The grant establishes the new National Center for Rural Education Research Networks at Harvard, which aims to “build the capacity of rural school districts and supporting state agencies to use their own data to improve the education of their students.” NCRERN will use data analysis to address chronic absenteeism, college readiness, and college enrollment.
“This center was created to help school districts and state agencies use their data to improve,” said Thomas J. Kane, a professor at the Graduate School of Education and the principal investigator for NCRERN. “Any organization, whether it’s a school district or a university, needs to be able to pilot and test interventions and see whether they work if their goal is to improve.”
NCRERN will begin its research through collaboration with 60 rural school districts in Ohio and New York before expanding to other states over the course of the five-year grant. Kane’s team will organize studies to test the efficacy of proposed solutions, some of which will be suggested by the participating schools.

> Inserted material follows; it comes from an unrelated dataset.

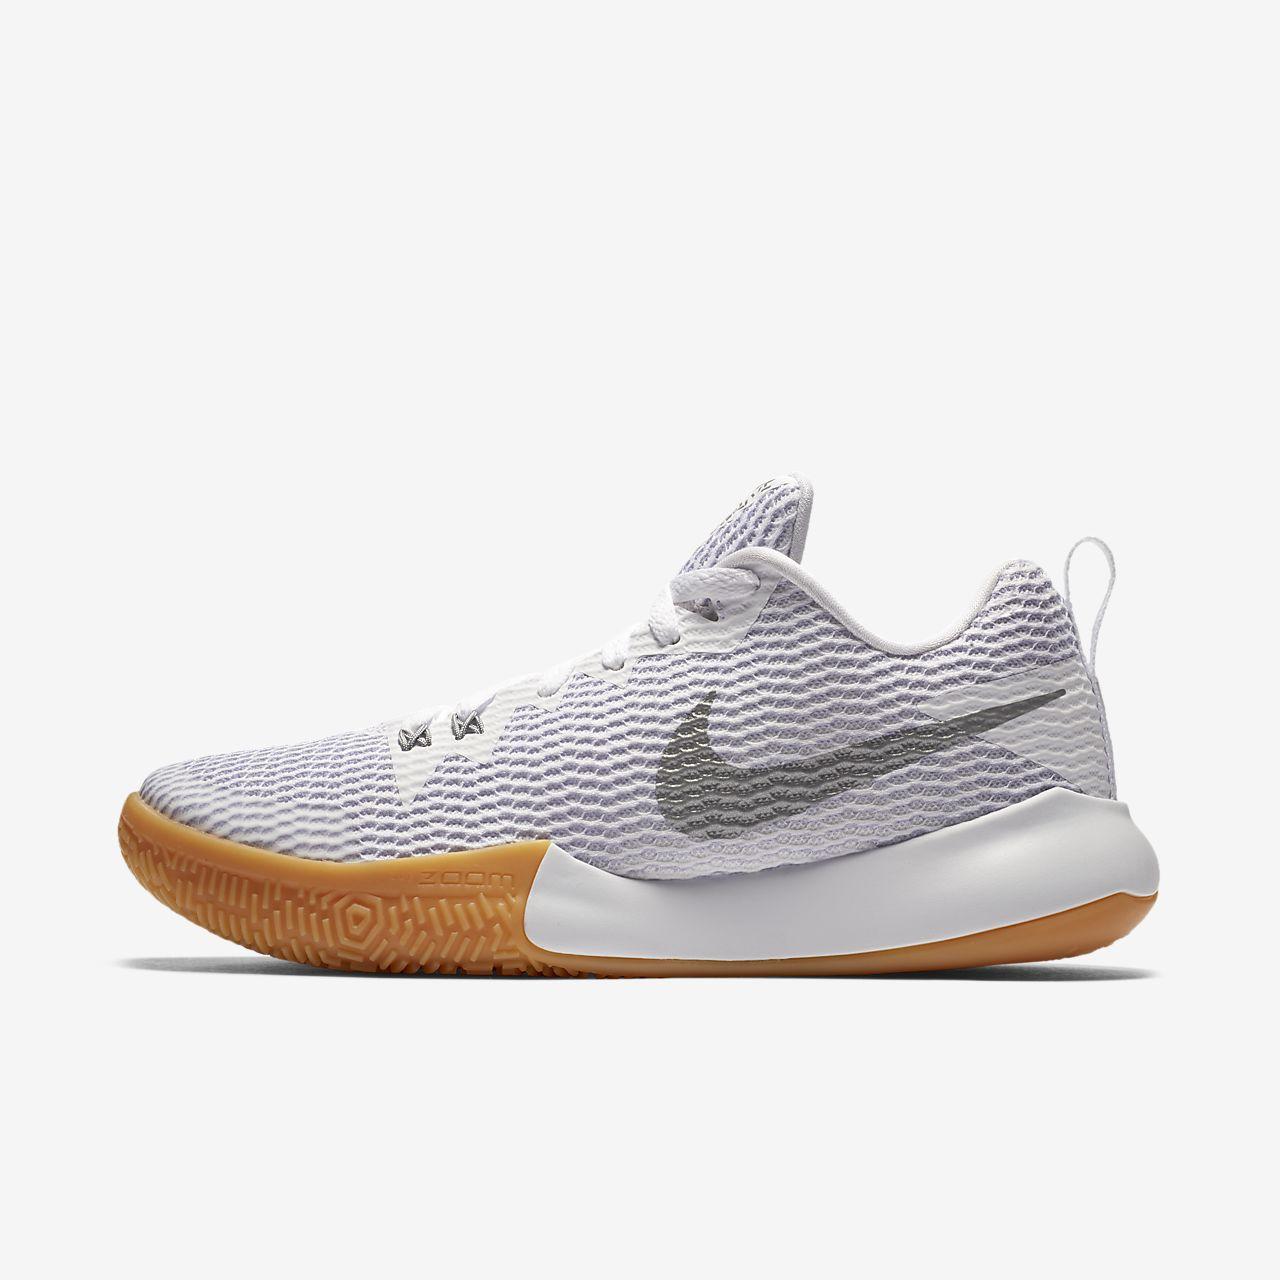 Basketsko Nike Zoom Live II för kvinnor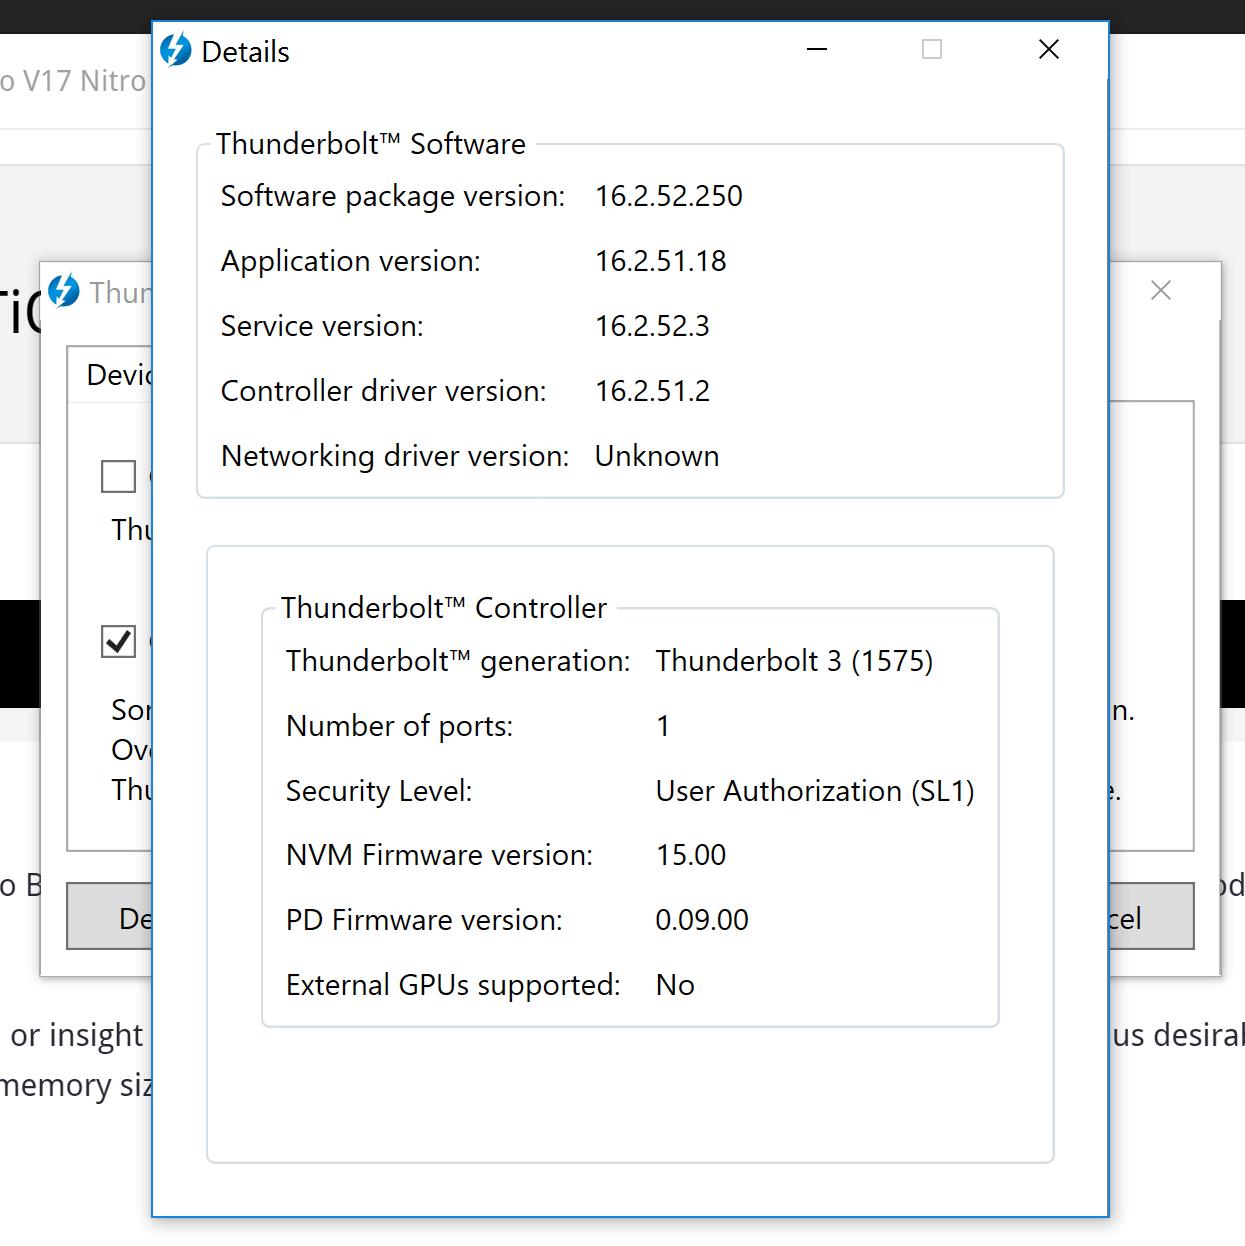 V15 Nitro TB3 eGPU possible? — Acer Community

Kane’s previous work for the Proving Ground project at Harvard’s Center for Education Policy Research aimed to address challenges faced by urban districts and used some of the same methodologies and data analysis techniques he plans to use at NCRERN.
Bi Vuong, who worked with Kane as the director of the Proving Ground project and now serves as the interim director of NCRERN, said the grant will expand their prior work into rural systems. “That’s the experience we bring, like the randomized control trial, the data analytics, the advice and support.”
Karen Eppley, a member of the NCRERN advisory board and editor of the Journal of Research in Rural Education, said the new center will have university faculty work alongside districts to determine and evaluate solutions.
“Positive interventions then can also be scaled up to other states with high percentages of rural schools,” she added.
Kane compared NCRERN's research methods to those employed by the pharmaceutical and retail industries. He said those industries test and analyze potential solutions rigorously before scaling them to the full system. Rural school districts often lack the resources to conduct similar tests on their own.
“I can’t think of a thing that will make a bigger difference 20 years from now than school districts getting in the habit of doing this piloting and testing and measuring results before scaling up,” Kane said.
Kane and Vuong highlighted the importance of data availability and district leaders’ devotion to the research for evaluating schools that may want to partner with the center in the future.
“The whole reason I think we are engaging in this is to try to improve the outcomes for students in K-12 education and having the rural centers actually have a way to support rural students in a way that we have not done before,” Vuong said.